Normal Course Issuer Bid and Corporate Update
MONTREAL, Canada – Jan. 12, 2015 – Amaya Inc. (“Amaya” or the “Corporation”) (TSX: AYA) today announced a share buyback program and also provided a corporate update.
NORMAL COURSE ISSUER BID
Amaya announced it intends to make a normal course issuer bid (“NCIB”) to purchase and cancel up to 5,399,631 common shares over a one-year period, representing up to approximately 5% of the public float of Amaya’s common shares as of January 9, 2015. The Corporation intends to fund such purchases through proceeds of certain divestments and cash on hand.
Amaya believes that its current share price does not reflect the underlying value of the Corporation, and that purchasing shares for cancellation will increase the proportionate interest of, and be advantageous to, all remaining shareholders.
The Corporation intends to buy back common shares for cancellation from time to time when it determines the price at which they are trading is undervalued and that such purchases provide the best use of available cash. The NCIB is subject to acceptance by the Toronto Stock Exchange (“TSX”) and, if accepted, will be made in accordance with the applicable rules and policies of the TSX applicable.
Common shares will be purchased through the facilities of the TSX at prevailing market prices at the time of purchase. In accordance with the applicable TSX rules, the maximum amount of daily purchases may not exceed 25% of the average daily trading volume of the common shares, and the Corporation may make, once per calendar week, a block purchase of common shares not owned, directly or indirectly, by insiders of Amaya that exceeds the daily repurchase restriction.
Cadillac Jack Strategic Review
Further to Amaya’s previously announced strategic review of its B2B land-based gaming solutions business, Cadillac Jack Inc., Amaya has received and is evaluating non-binding proposals from certain persons. While discussions are ongoing, there can be no assurance that the Corporation’s strategic review process will result in the consummation of any specific action.
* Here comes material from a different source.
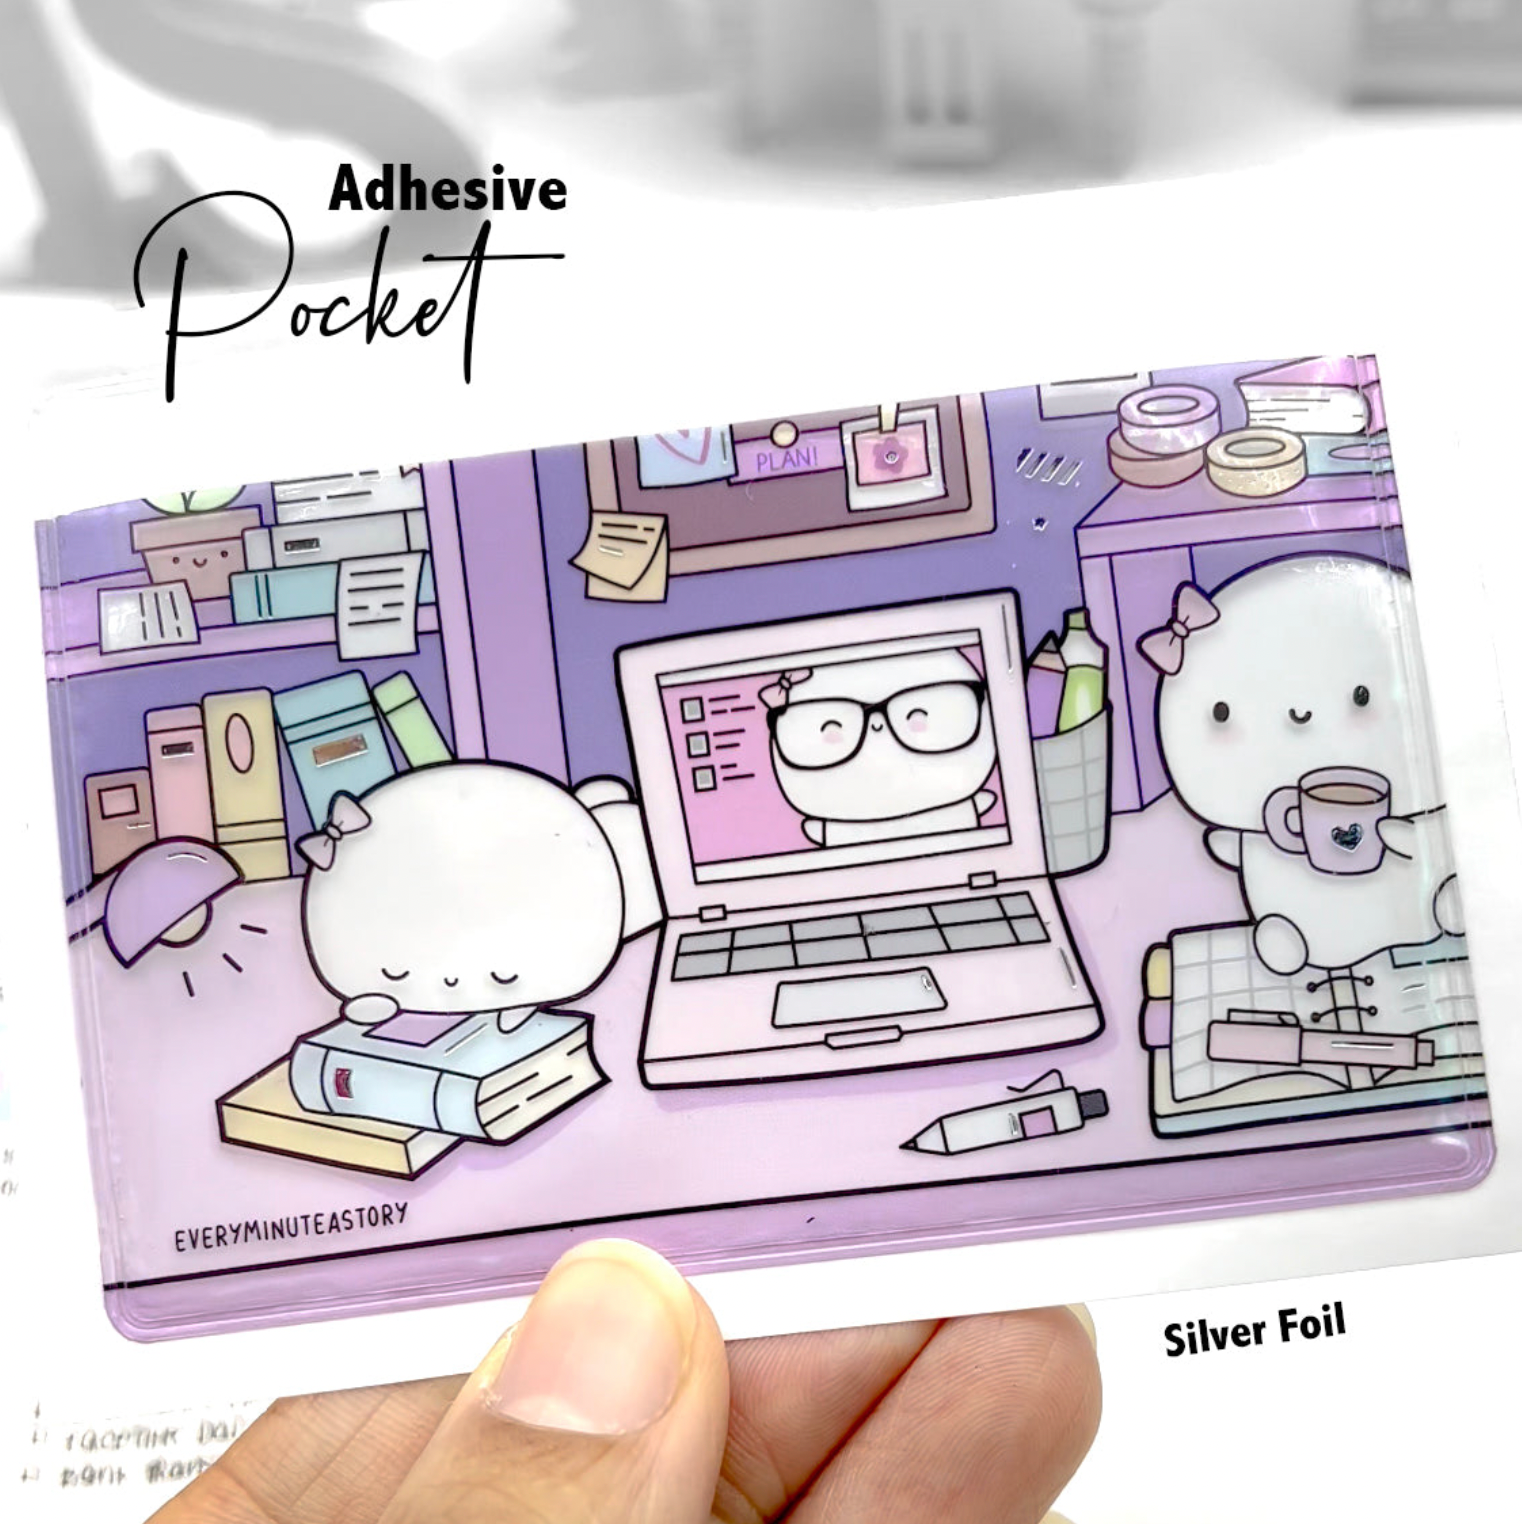 Beanie's work desk adhesive pocket - Low stock! Limit 2/order

There is no defined timeline for the strategic review. Further developments with respect to this process will be provided when, and if, Amaya’s Board of Directors approves a specific action or otherwise deems further disclosure appropriate or required. If a specific action is consummated that results in a divestiture, the Corporation intends to use the proceeds of such transaction to primarily facilitate the repayment of indebtedness.
Ongame Divestiture and NYX Investment
In the fourth calendar quarter of 2014, Amaya completed the divestiture of Ongame Network Limited, its B2B poker and platform provider, to NYX Gaming Group Ltd. (“NYX Gaming Group”), as discussed in the Corporation’sNovember 14, 2014 earnings release. In connection with the divestiture, Amaya made a strategic investment in NYX Gaming Group via a subscription of an unsecured convertible debenture, which matures two years after the date of issuance and bears interest at 6.00% per annum, payable at maturity. Interest and principal are payable in kind in NYX Gaming Group common shares at Amaya’s option. On December 30, 2014, NYX Gaming Group announced that it had completed its initial public offering and its shares have started trading on the TSX Venture Exchange under the symbol NYX.
B2B Assets Review
The Corporation intends to explore various strategic opportunities to divest its other B2B assets. The intention is to examine strategic alternatives for these B2B assets that will maximize shareholder value by facilitating the repayment of indebtedness and/or the repurchase and cancellation of the Corporation’s common shares. There is no timeline for this process. The Corporation will provide further updates if and when they are required or as appropriate.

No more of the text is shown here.